Zombie Apocalypse: Maybe I Wrote This Off Too Soon

How many cannibal incidents do you need in a week to start wondering if the zombie apocalypse paranoid might have something to it?  First, the bath salts crazed cannibal in Florida, now this college student doing the human recycling thing in Maryland.  The college student is from Kenya; I didn't think this was a custom of that part of Africa.
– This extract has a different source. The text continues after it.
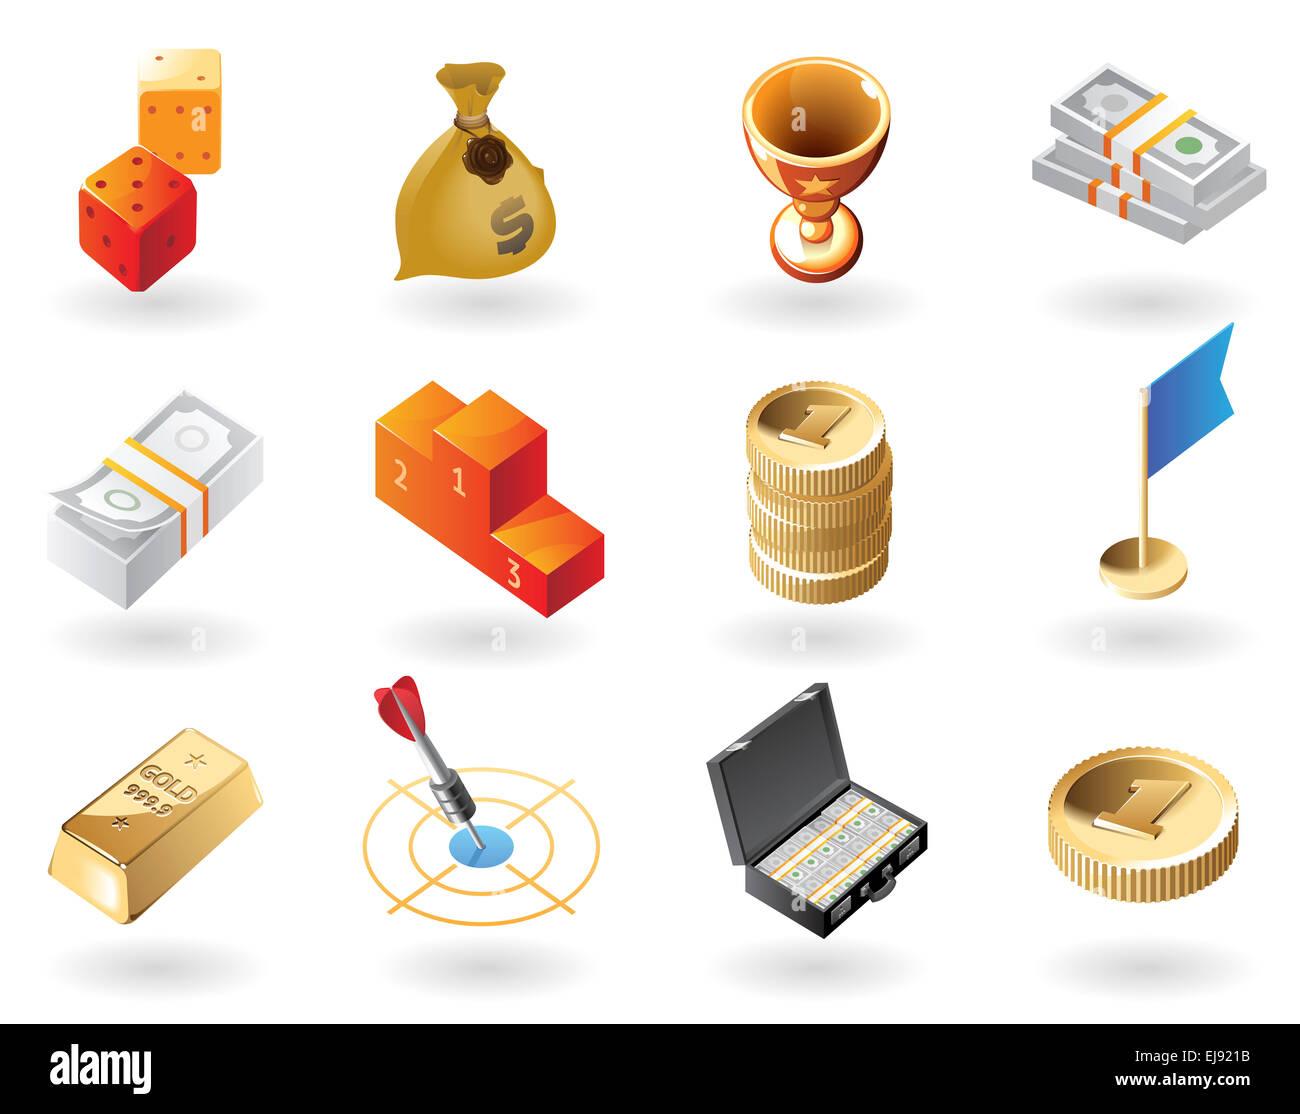 Isometric-style icons for awards - Stock Image

UPDATE: I see that the victim of the attack in Florida has a sad story that goes a lot farther back.  From May 30, 2012 CBS Miami:

For the victim Ronald Poppo, 65, however, it’s a completely different story.
At nine years old, Poppo and his family were involved in a serious car accident in New York. A yearbook photo acquired by the Miami New Times showed Poppo went on to become a decorated student at one of New York’s most prestigious high schools, Stuyvesant High.
Then, the family lost touch with him and haven’t heard from Ronald in 30 years.
“Well, I tried to reach him, but I just thought he killed himself,” Antoinette said. “And we really thought he was no longer on this earth.”
Even before he was attacked along the MacArthur Causeway; Ronald lived a tough life among the homeless men who call the space under the causeway home.
His past shows time in New York City, and back in the 80′s in New Orleans; but a long record of arrests for mostly petty crimes places him in the Miami area, at least off and on, as far back as 1978 when he was charged with criminal mischief.
Over the years, he dipped in and out of the courts for the types of crimes that are common when you don’t have a place to live.
Very smart kid...and somewhere, something goes wrong, and he ends up homeless, with lots of minor crimes ever since.  I would be very surprised if there wasn't a mental illness problem that developed in his 20s.  This is a very common pattern since deinstitutionalization of the mentally ill.  We tend to pay attention to the ones that commit serious crimes; we usually are not even aware of the ones who are living on the streets, getting in minor legal trouble or being victimized themselves.  As happened here, even Poppo's own family had lost track of him.  It is surprisingly easy to do.